Kothe Khrak Singh
- Author: Ram Sarup Ankhi
- Original title: ਕੋਠੇ ਖੜਕ ਸਿੰਘ
- Language: Punjabi
- Genre: Novel
- Set in: Punjab
- Published: 1985
- Publication place: India
- Awards: Sahitya Akademi (1987)

= Kothe Kharak Singh =

1985 book by Ram Sarup Ankhi

Kothe Kharak Singh (Punjabi: ਕੋਠੇ ਖੜਕ ਸਿੰਘ) or Kothe Kharak Singh: a story of three generations (1985) is a Punjabi-language novel written by Ram Sarup Ankhi.

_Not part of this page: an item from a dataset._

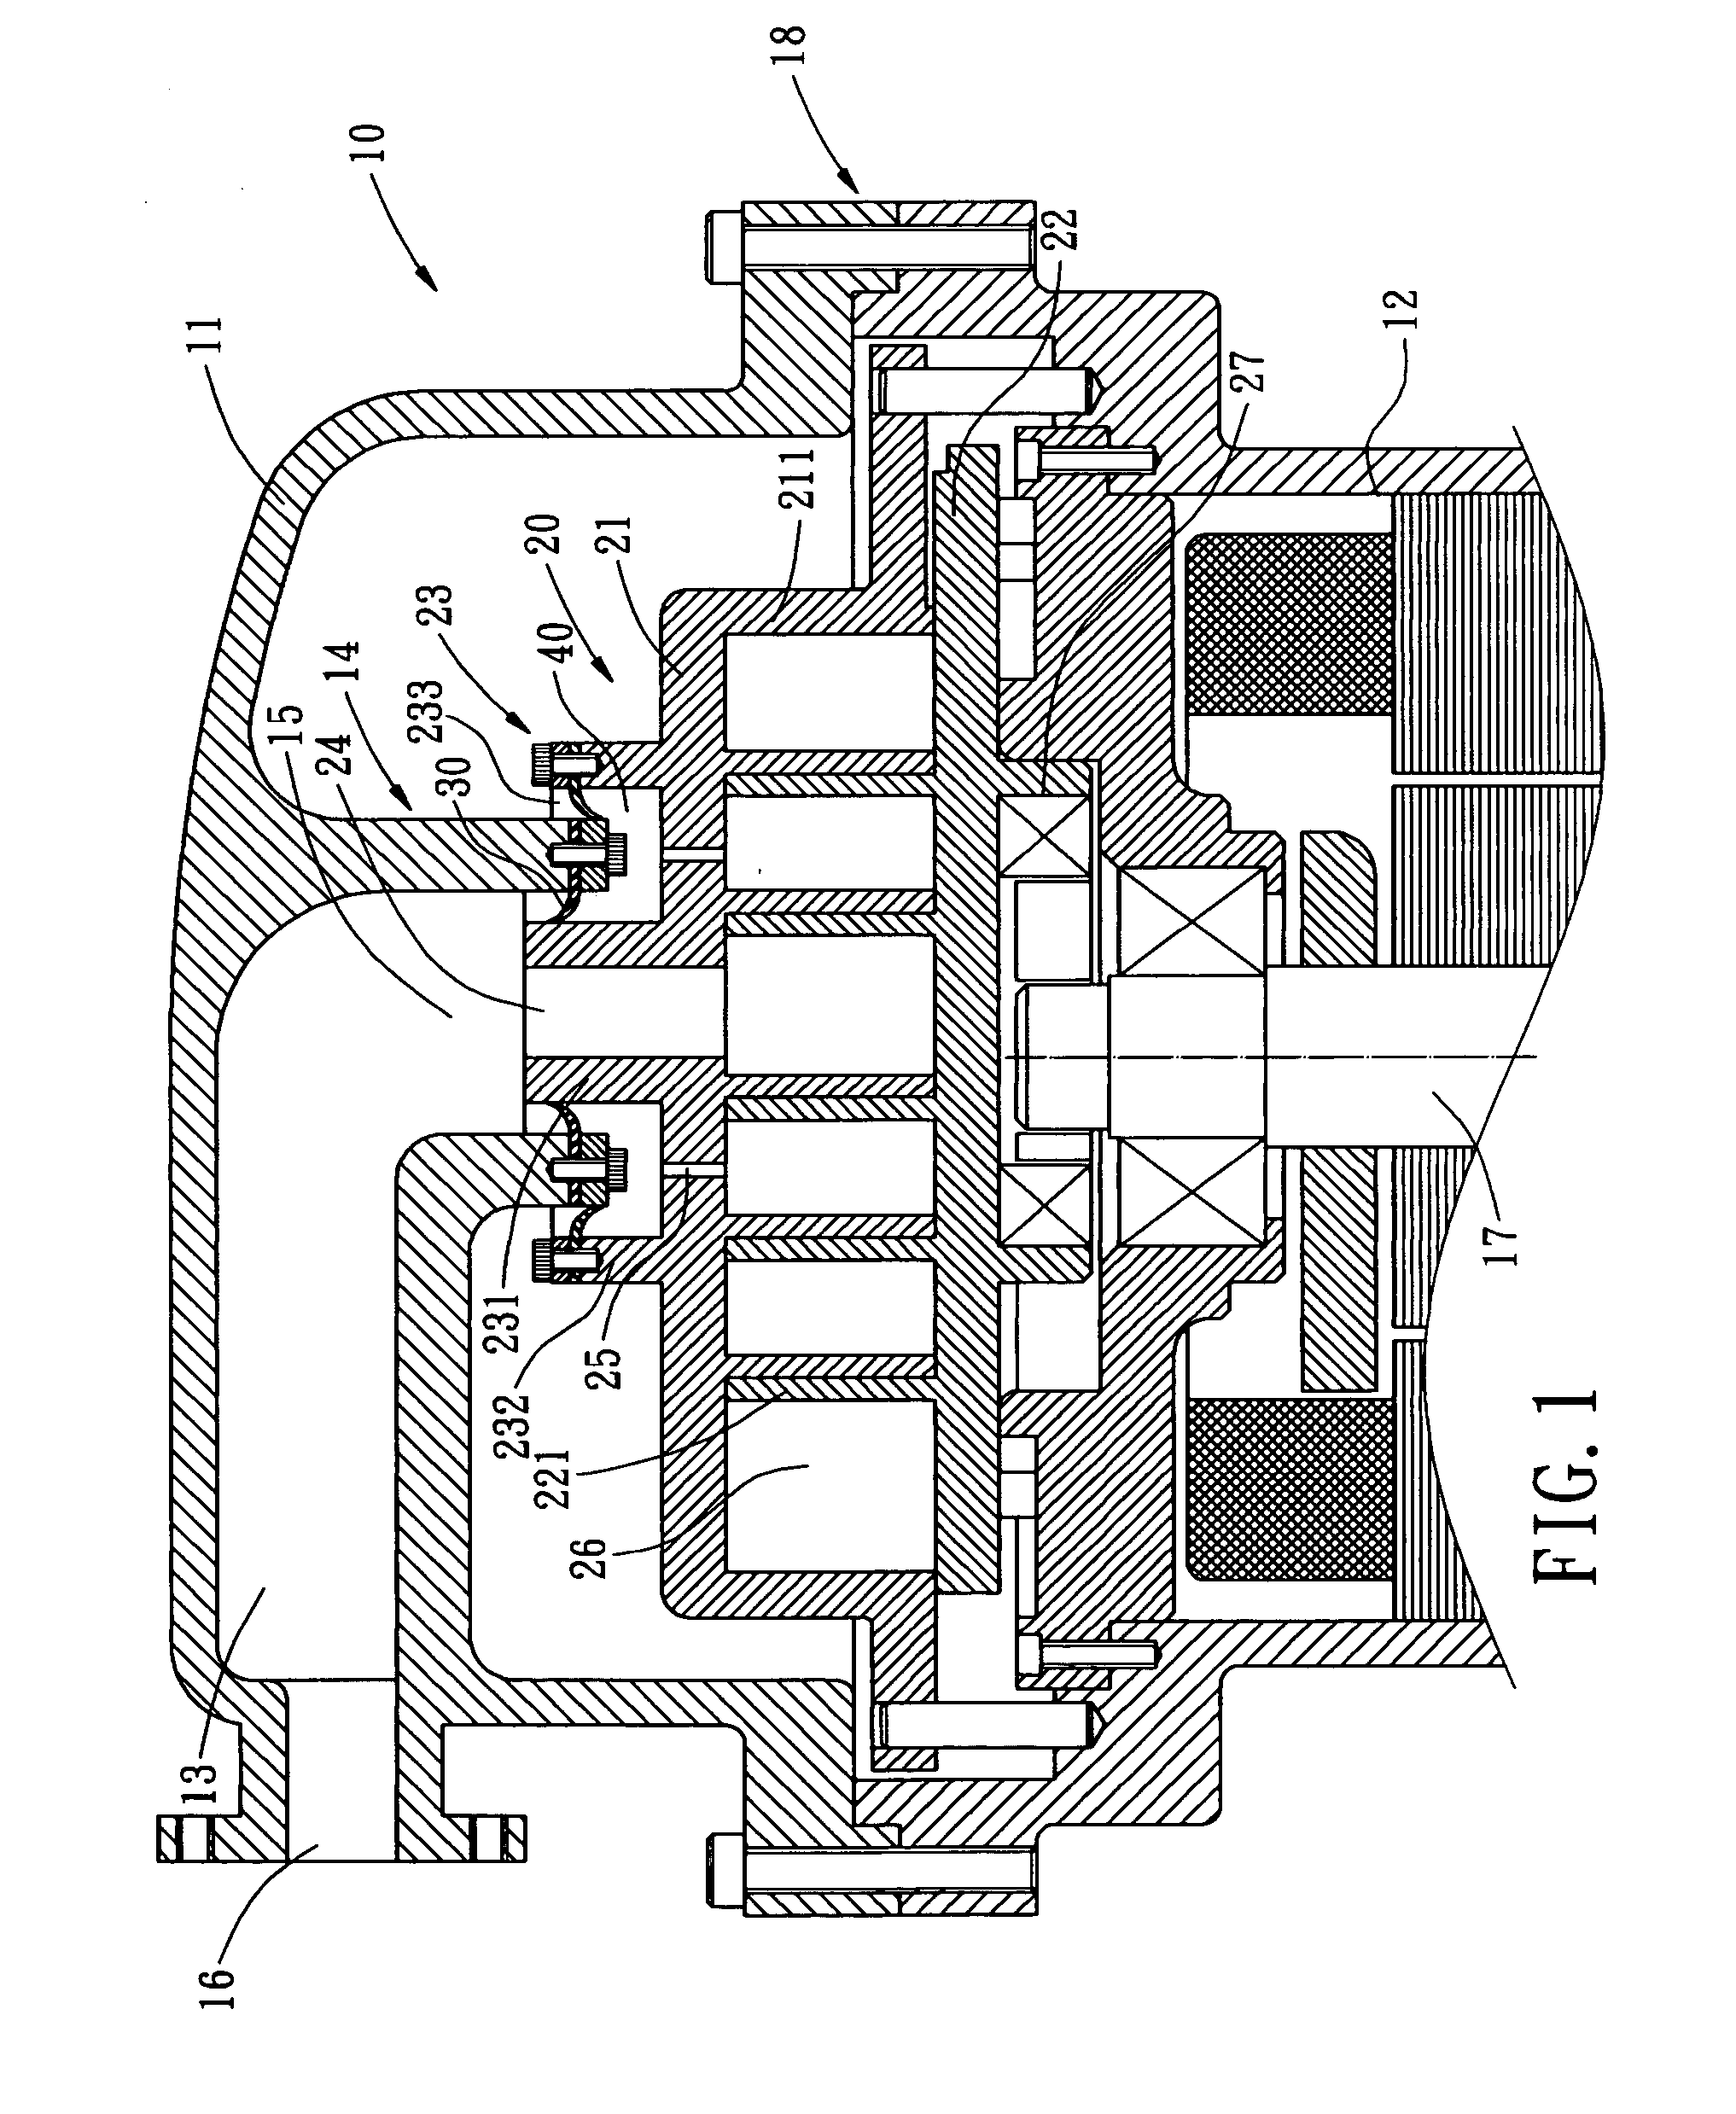 Axial compliance mechanism of scroll compressor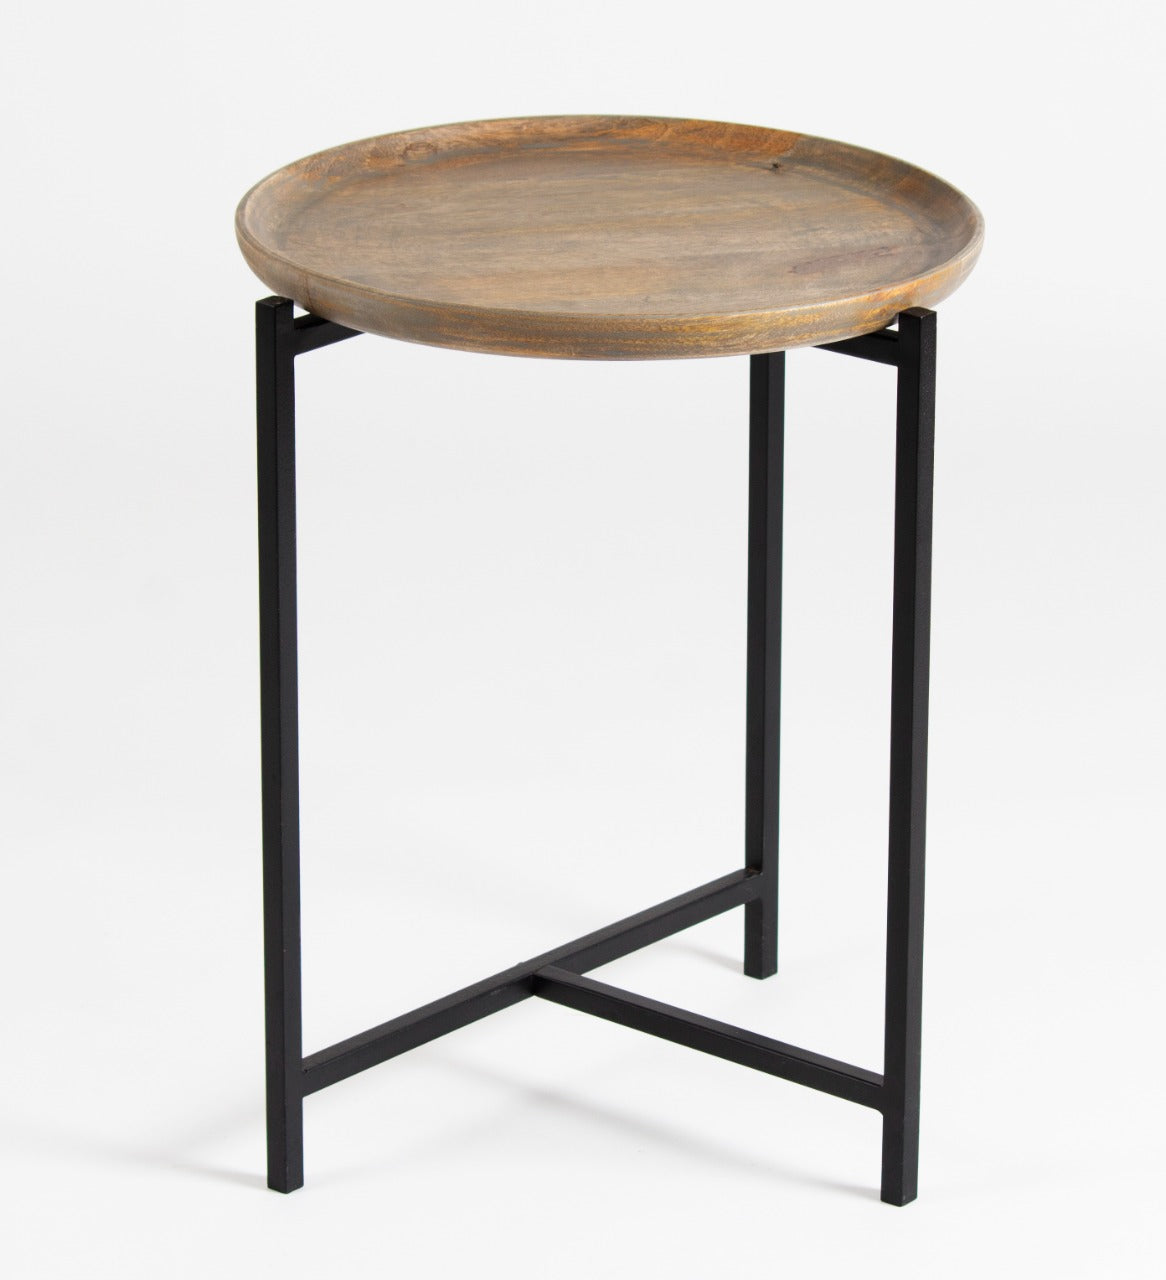 Inset Tray Top 3 Legs Accent Table

The novel is considered as Ankhi's best literary work and for this work he received Sahitya Akademi award in 1987.

== Plot ==
Kothe Kharak Singh is a political novel and the main events of the plot take place in a village in Punjab. The novel presents three generations and narrates the struggle for Indian independence before the partition of the Punjab. It also describes the socio-economic and cultural changes the state was witnessing at that time.

== Theme ==
The socio-cultural environment before Indian independence and lifestyle of common people are the major theme of this novel. The story and its writing style is influenced by Russian literature and fiction, translations of which were easily available in Punjab at that time.

== Publication ==
The novel first published in 1985. For this novel Ram Sarup Ankhi received Sahitya Akademi award in 1987. The novel has been translated into 10 languages. The work was translated into English by Avtar Singh Judge.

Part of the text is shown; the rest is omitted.